The name’s bond … small bond

Only a masochist would beg their bank to be allowed to shovel ever- increasing chunks of their salary in to the gaping maw of bond repayments, and to do it twice a month. Or someone who knew that, bizarrely, it could prove quite profitable.

According to Standard Bank, by splitting your bond repayment in two, and paying the first installment halfway through each month, you could knock almost R43 000 off a 20-year R150 000 bond at the present interest rate of 22%. The total interest on such a bond, if paid normally, would be R518 542.

Interest on housing bonds is calculated daily, but capitalised (added to your debt) only once a month, usually on the last day.

That means if you cough up half your usual payment halfway through the month, that money is knocked off the capital debt and you no longer pay interest on it.

At the month-end, you pay the second half of the bond and have fulfilled your obligation to the bank, meanwhile saving yourself money without actually having to strain your budget any further.

The earlier you make the first payment, the more interest you save; so, if possible, it would make sense to make the first payment on the first day of each month.

Nor does it have to be half – you could pay almost everything early and then pay off the balance at the month- end when you get your next salary cheque.

In fact, taken to extremes, it could be financially worthwhile to pay your bond every day – or rather it could be if the transaction fees demanded by the banks wouldn’t efficiently strip you of any pecuniary advantage.

Unfortunately, there is some pain to be suffered for the gains you can make using this strategy.

Since you effectively have to get ahead of your payments, the first month you adopt the split payment strategy you will have to disburse money earlier in the month.

This could be difficult if you’re used to waiting for your pay cheque at the end of the month to make the bond repayment.

But saving a little bit each month so you can start paying early or month by month gradually bringing your payments forward will reap you big gains in the long run.

Don’t forget that if you are saving yourself interest, your bank is by definition losing the interest income you would have paid it -which brings us to the other possible drawback to this split-payment strategy: your bank has to agree to it.

Nedcor and Standard Bank both say they encourage customers to pay off their debts as swiftly as possible.

If splitting the payments is going to help you, they are quite amenable – provided you negotiate the change with them first.

Said Standard Bank representative Eric Larsen: ”We certainly don’t have any problems if a customer wants to split his/her monthly payments into two. The benefits are obvious.

”He or she will have to make these arrangements with the home-loans division as payments are usually via debit order and would have to be amended.”

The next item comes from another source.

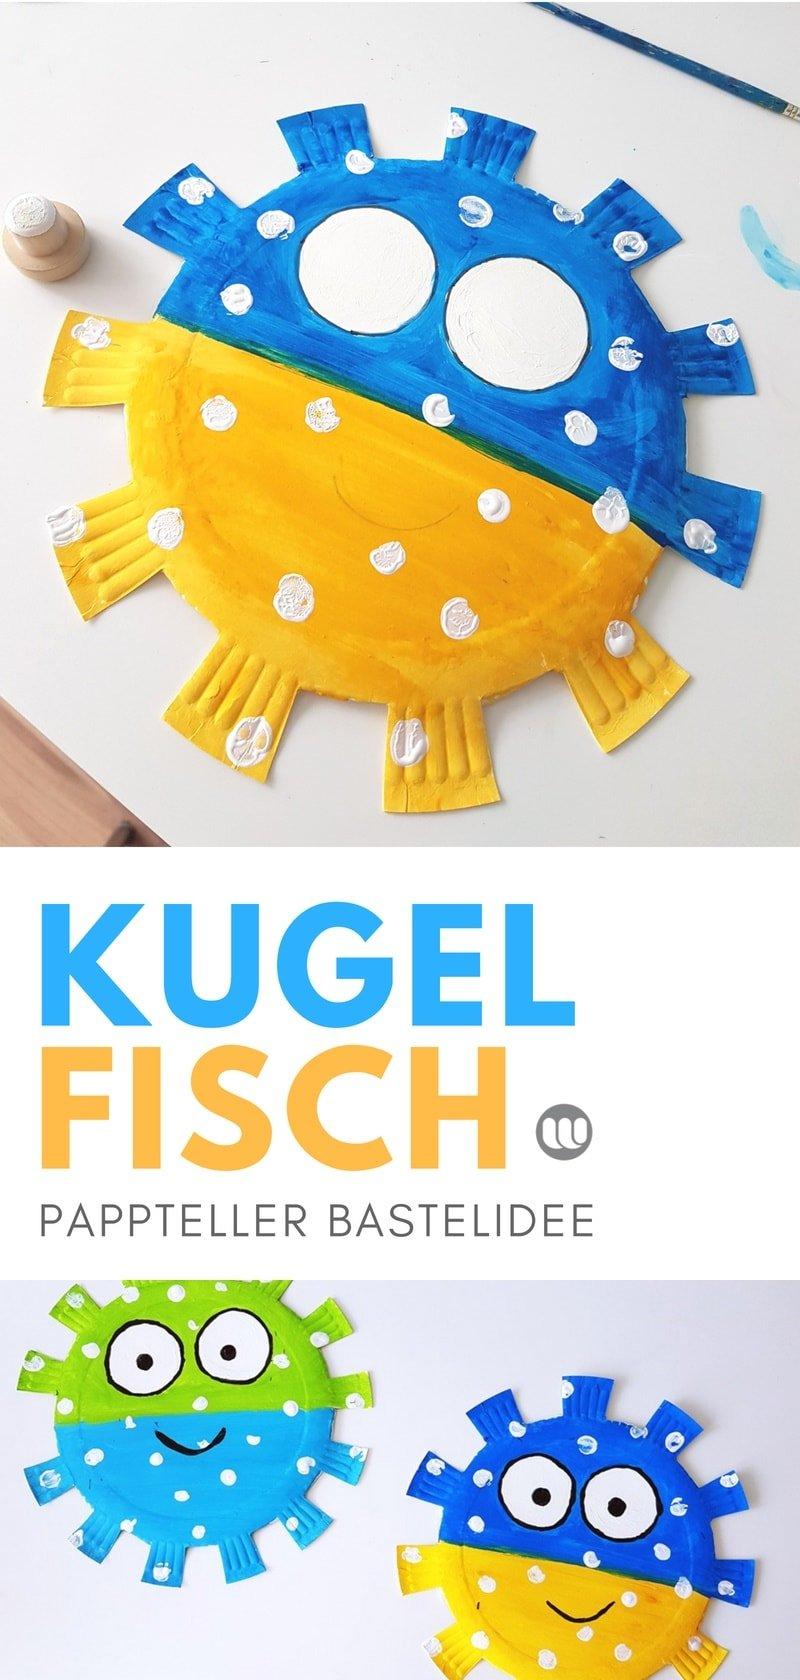 #Kugelfisch #basteln #Pappteller
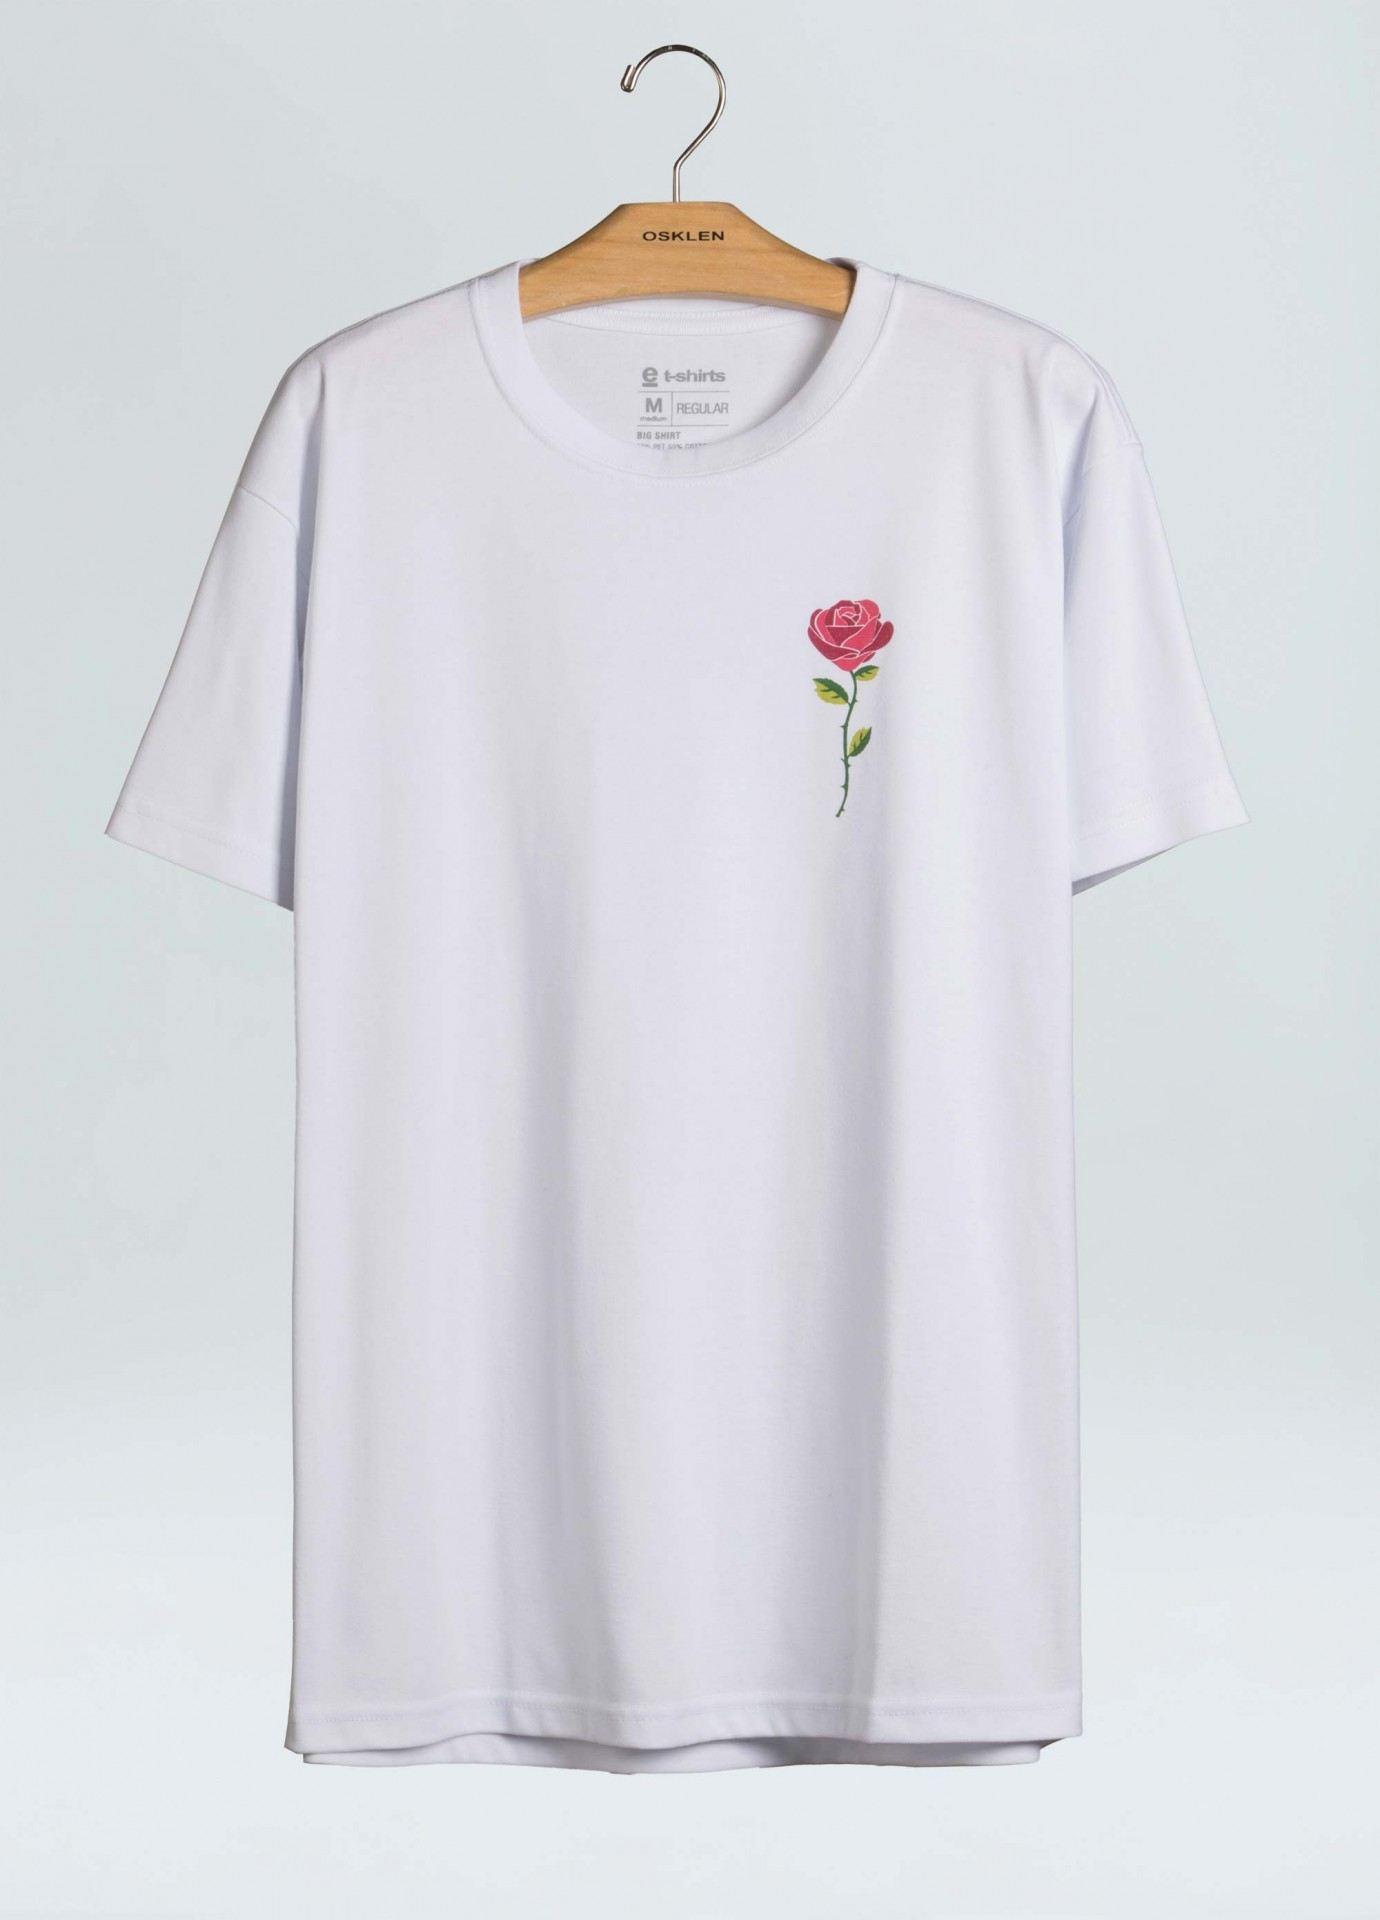 Big-Shirt Osklen Skate Rose Color

A representative for First National Bank (FNB) said customers were not allowed to make split payments for logistical reasons.

It would also cost the bank much more in administration costs without it gaining any more money.

But, as with most things in life, this could be a guideline rather than an absolute rule.

One colleague managed to get FNB to agree to a split bond payment, although the bank remained sticky on arranging the relevant stop orders and direct debits.

Initial resistance to the idea melted before the force of a tough negotiator prepared to take her business elsewhere. It helped that she had detailed alternative options from competing banks.

So, rather than wailing and gnashing your teeth over the rising interest rates, be smart and investigate any methods of escaping your bond debt as fast as possible.